The big question is whether Democrats will seize the opportunity. President Bush gambled that Americans increasingly imbued with the ethos of self-reliance would embrace private Social Security accounts — and lost. He's since placed individualized and market-based Health Savings Accounts at the center of his domestic agenda. Democrats know they're against the Republican agenda. Yet they don't really know what they're for. Nor have they developed their own vision of the role of government. Instead, they're mostly clinging to the programs of the past. Their rhetoric has often suggested, moreover, that they want to protect only those who've fallen on hard times, not those who are striving to get ahead. They've appealed to our hearts, not our heads — and many middle-class Americans aren't on board.

The cornerstone of a powerful alternative vision is the simple idea that security is not at odds with helping people get ahead in a market economy; it is the key to doing so. Just as corporations enjoy limited liability and bankruptcy protection to encourage entrepreneurs to take risk, families need basic financial security to be encouraged to invest in good education, better jobs, strong parenting, and valuable assets like homes and retirement accounts—in short, in all the things that make upward mobility possible. Indeed, there's a wealth of evidence that opportunity and security go hand in hand, that people with a basic safety net feel more confident and capable in stepping out on the shaky tightrope that our economy has increasingly become.

Understanding this argument requires grasping how much our economy has changed. We all know instinctively that health insurance, pensions, jobs, and family finances have become less secure. But often we look at these issues in isolation, failing to see the big picture: a massive transfer of economic risk from the broad structures of insurance, both corporate and governmental, onto the fragile balance sheets of American families.

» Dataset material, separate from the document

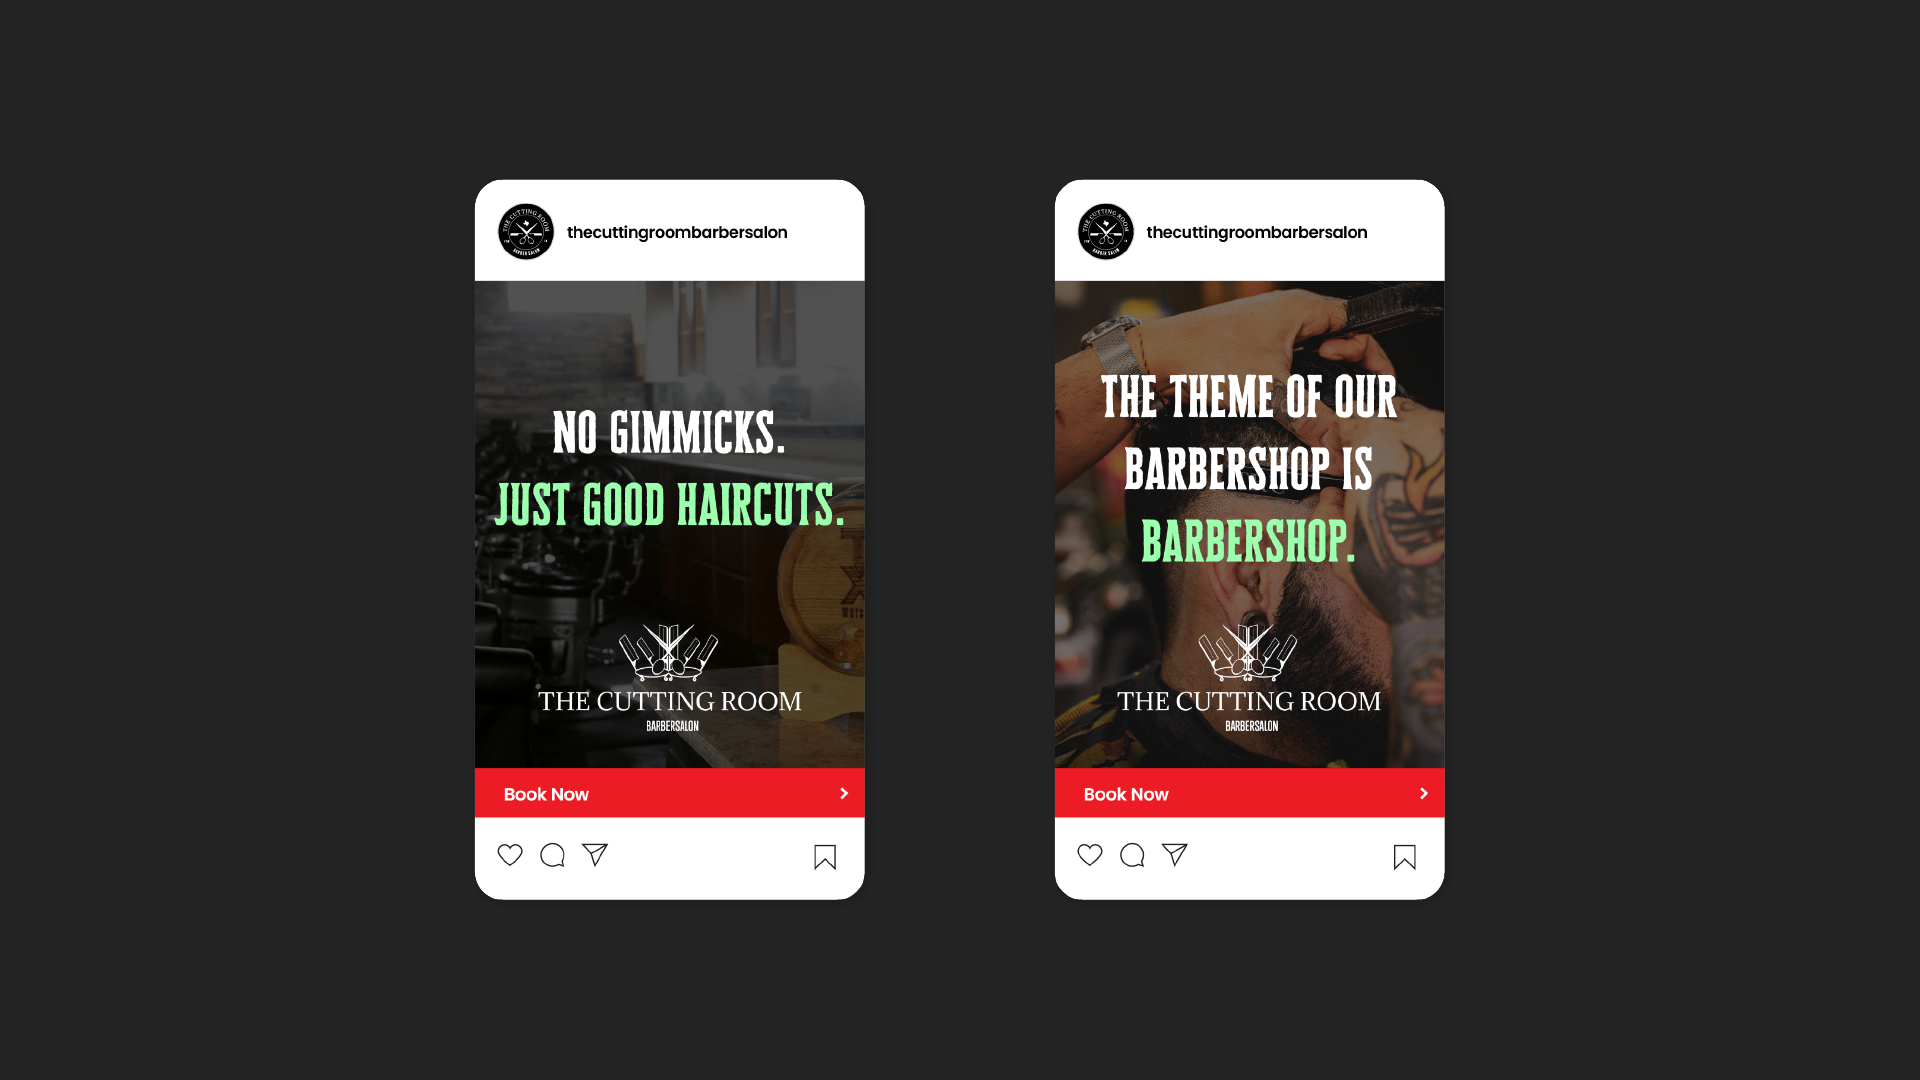 Two social media ad concepts sit side by side. The first says, “No gimmicks. Just good haircuts.” The second says, “The theme of our barbershop is barbershop.”
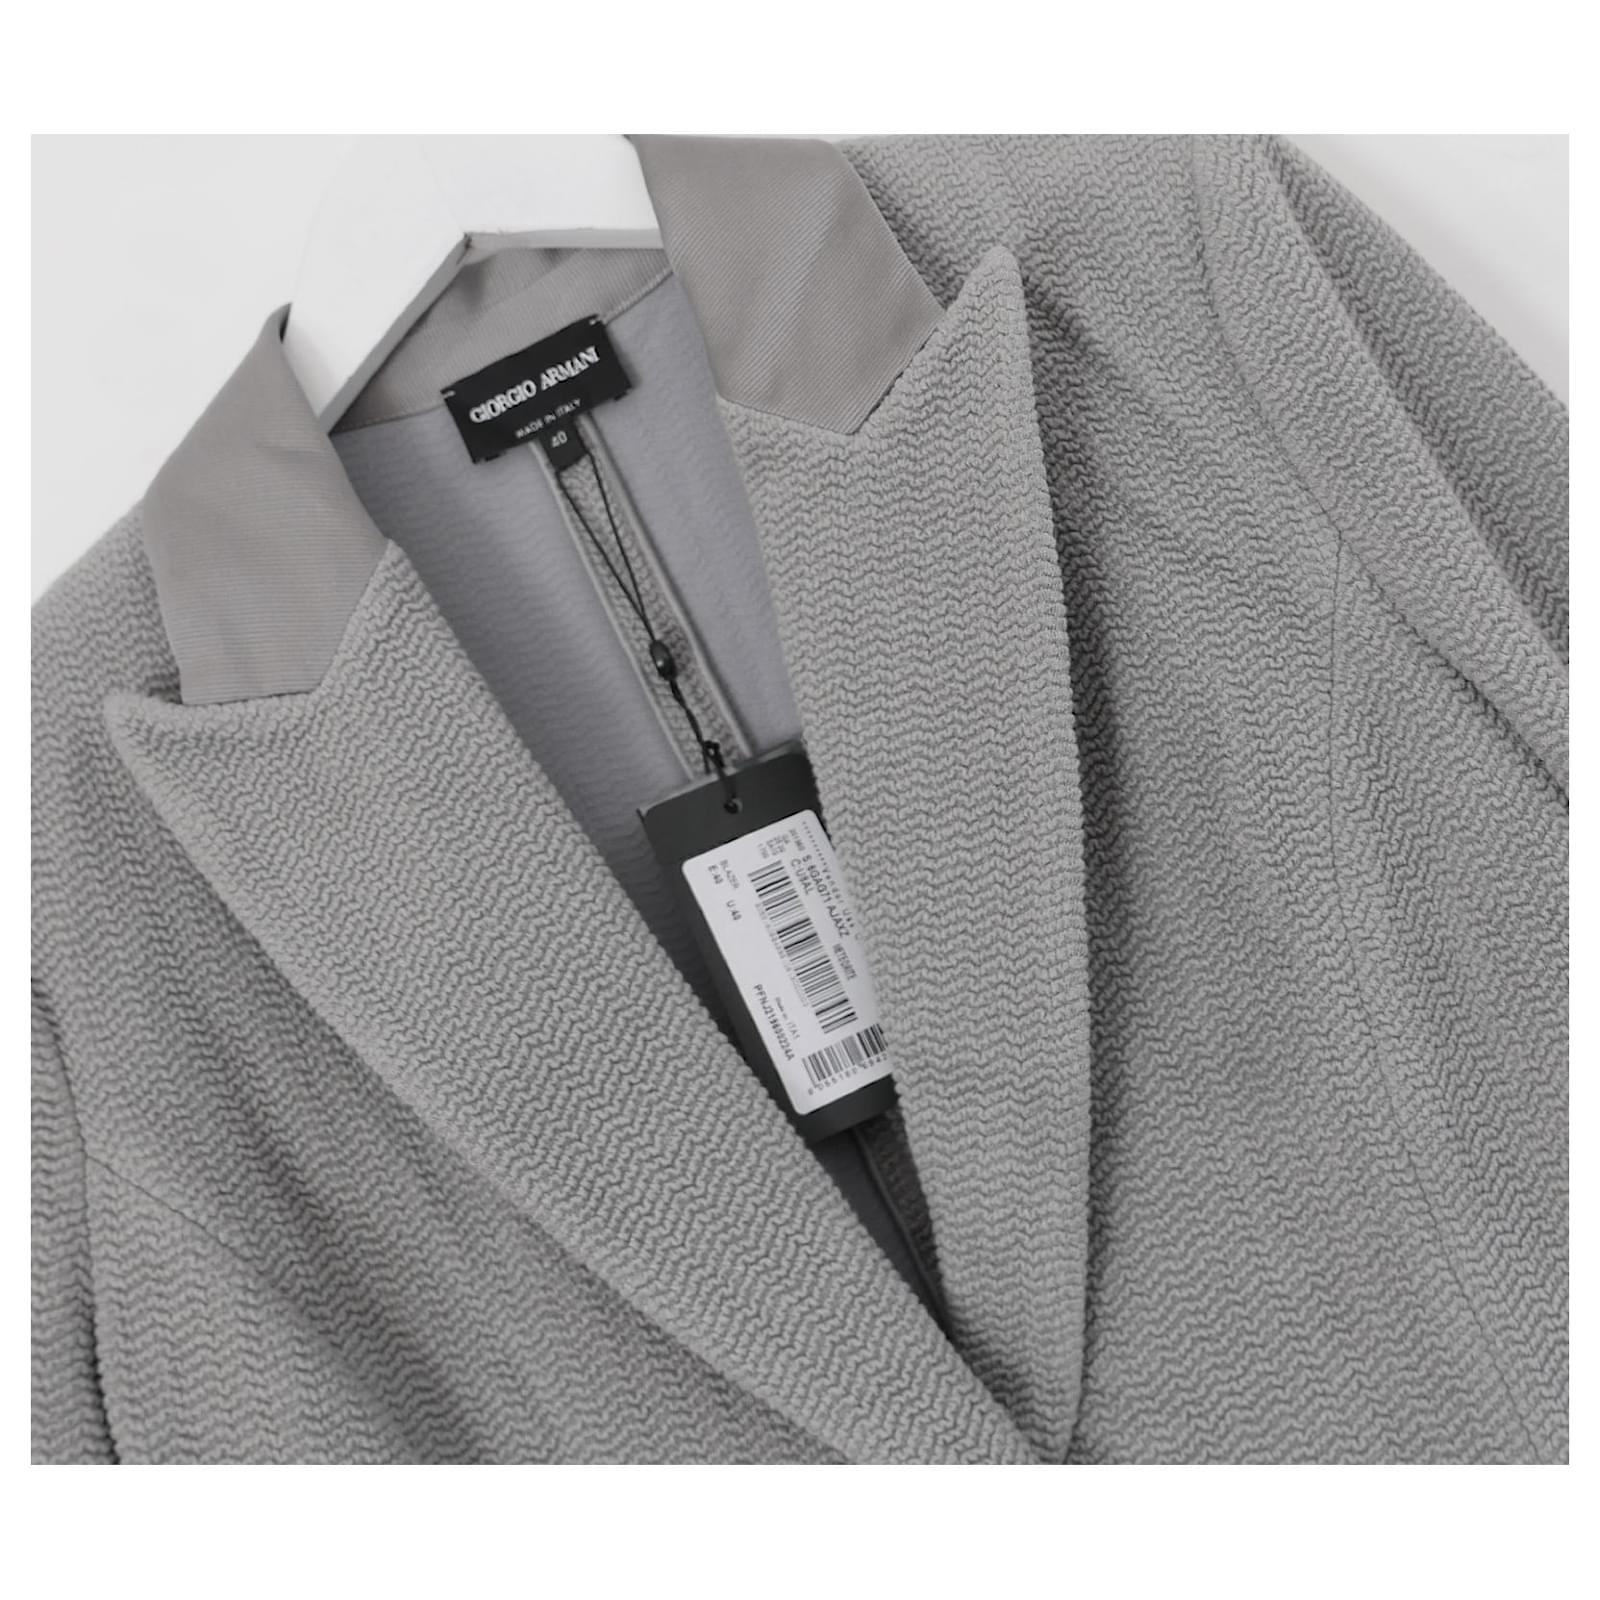 Gorgeous Giorgio Armani blazer jacket.bought for £1600 and new with tags/authenticity card. Made from crinkle textured viscose mix with grosgrain satin trims. Superbly tailored with padded shoulders, slight peplum hem, winged lapels and single

Using a unique dataset, I have discovered that the up-and-down swings of working-age Americans' family incomes are now two to three times more violent than they were in the early 1970s. This "volatility" of income has risen far faster than inequality, and it means that Americans are plunging down the economic ladder much more often than in the past. In the early 1970s, the chance that a person with average demographic characteristics would experience a 50 percent or greater drop in income was around one in fourteen. In 2002, it was more than one in seven.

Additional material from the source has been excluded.